Referral to emergency

If any of the following are present or suspected, please refer the patient to the emergency department (via ambulance if necessary) or seek emergent medical advice if in a remote region.

  • suspected pituitary tumour with concerning features including:
    • acute new visual field loss (usually temporal and classically bitemporal superior quadrantinopia/hemianopia)
    • thunderclap headache
    • symptomatic cortisol insufficiency

For clinical advice, please telephone the relevant metropolitan Local Health Network switchboard and ask to speak to the relevant specialty service.

Central Adelaide Local Health Network

Northern Adelaide Local Health Network 

Southern Adelaide Local Health Network

Category 1 - appointment clinically indicated within 30 days

  • adrenal insufficiency or hypopituitarism
  • pituitary mass greater than 10mm with pathological headaches
  • serum prolactin greater than 10 times upper limit of normal range
  • suspected diabetes insipidus
  • visual field defects

Category 2 — appointment clinically indicated within 90 days

  • hyperprolactinaemia

Category 3 — appointment clinically indicated within 365 days

  • nil

For information on referral forms and how to import them, please view general referral information.

Essential referral information

Completion required before first appointment to ensure patients are ready for care. Please indicate in the referral if the patient is unable to access mandatory tests or investigations as they incur a cost or are unavailable locally.
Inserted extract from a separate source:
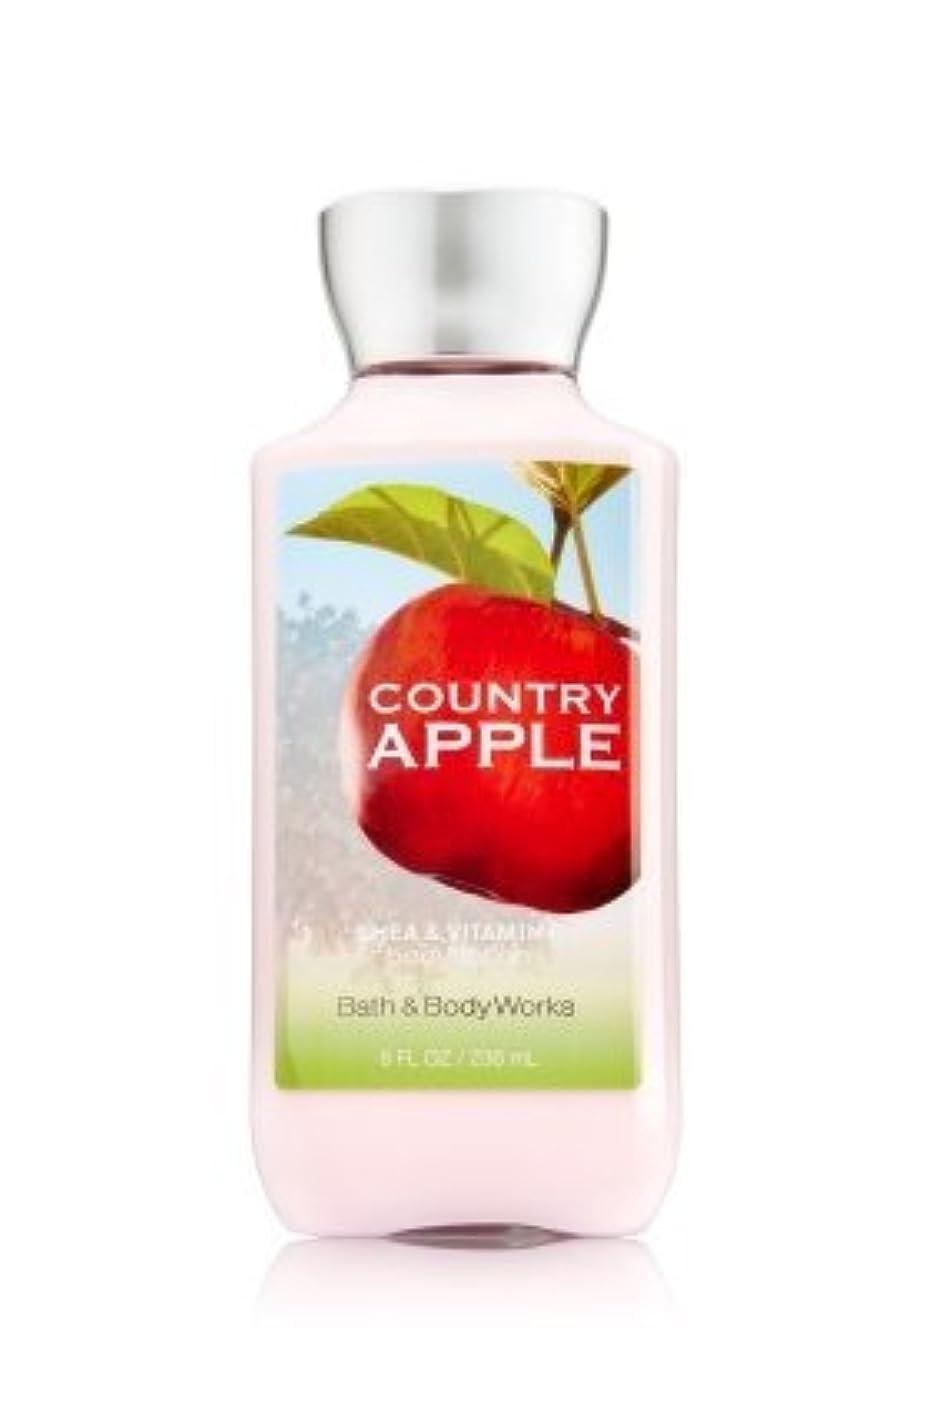 ラッカスその結果失【Bath&Body Works/バス&ボディワークス】 ボディローション カントリーアップル Body Lotion Country Apple 8 fl oz / 236 mL [並行輸入品]

  • identifies as Aboriginal and/or Torres Strait Islander
  • relevant social history, including identifying if you feel your patient is from a vulnerable population and/or requires a third party to receive correspondence on their behalf
  • interpreter requirements
  • history:
    • past medical/surgical history
    • onset, duration, and progression of symptoms
  • current medications and dosages
  • use/frequency of alcohol, tobacco, and other drugs
  • allergies and sensitivities
  • plans regarding pregnancy if relevant, or male fertility
  • management history including treatments trialled/implemented prior to referral
  • relevant diagnostic/imaging reports including location of company and accession number

Examination

  • examination results
  • height/weight
  • body mass index (BMI)

Pathology

  • urea, electrolyte, and creatinine (UEC)
  • estimated glomerular filtration rate (eGFR)
  • serum prolactin with repeat level
    • measure macroprolactin (asymptomatic people)
  • thyroid function test (TFT):
    • thyroid stimulating hormone (TSH)
    • free thyroxine (FT4)
  • luteinizing hormone (LH)
  • follicle-stimulating hormone (FSH)

Suspected or confirmed pituitary mass

  • complete anterior pituitary function with morning cortisol (8.00 to 9.00 am)
  • adrenocorticotropic hormone
  • thyroid stimulating hormone
  • free thyroxine
  • insulin-like growth factor-1
  • luteinizing hormone
  • follicle-stimulating hormone
  • testosterone or oestradiol

Men

  • 8.00 to 9.00 am serum testosterone
  • sex hormone binding globulin (SHBG)

Women

  • oestradiol
  • human chorionic gonadotropin (ßhCG) for pre-menopausal women

Additional information to assist triage categorisation

Pituitary magnetic resonance imaging (MRI) only if:

  • serum prolactin after macroprolactin adjustment is at least x3 upper limit normal off relevant drugs
  • neurological features or headaches
  • pathological menstrual disturbance
  • galactorrhea or male androgen deficiency is present

Clinical management advice

Significant symptoms are galactorrhea, gonadal steroid deficiency (manifesting as menstrual irregularities, hypogonadism, and infertility). Frequent triggers include:

  • pregnancy
  • breastfeeding
  • unexplained causes
  • pituitary tumours
  • medications such as antipsychotic agents
  • anti-emetics.

If feasible, discontinue any medications that may elevate serum prolactin levels. Exclude hypothyroidism and renal failure as potential underlying conditions. For asymptomatic/inconsistent presentations, consider retesting serum prolactin levels and assessing macroprolactin levels (a less active form of prolactin).

Computerised tomography (CT) is not the preferred imaging modality for pituitary imaging. Magnetic resonance imaging (MRI) only if:

  • serum prolactin after macroprolactin adjustment is at least x3 upper limit normal off relevant drugs
  • neurological features or headaches
  • pathological menstrual disturbance
  • galactorrhea or male androgen deficiency is present

Please ensure that recent pathology results are available. Consider providing the patient with a repeat pathology form at the time of referral.

Patients who have previously received care from a specialist should be encouraged to return to their care for additional assessment if needed.

Referrals are subject to the evaluation of the triaging clinician. If you believe your patient necessitates specialist assessment but may not meet the provided criteria, feel free to connect with the specialist team to discuss your concerns.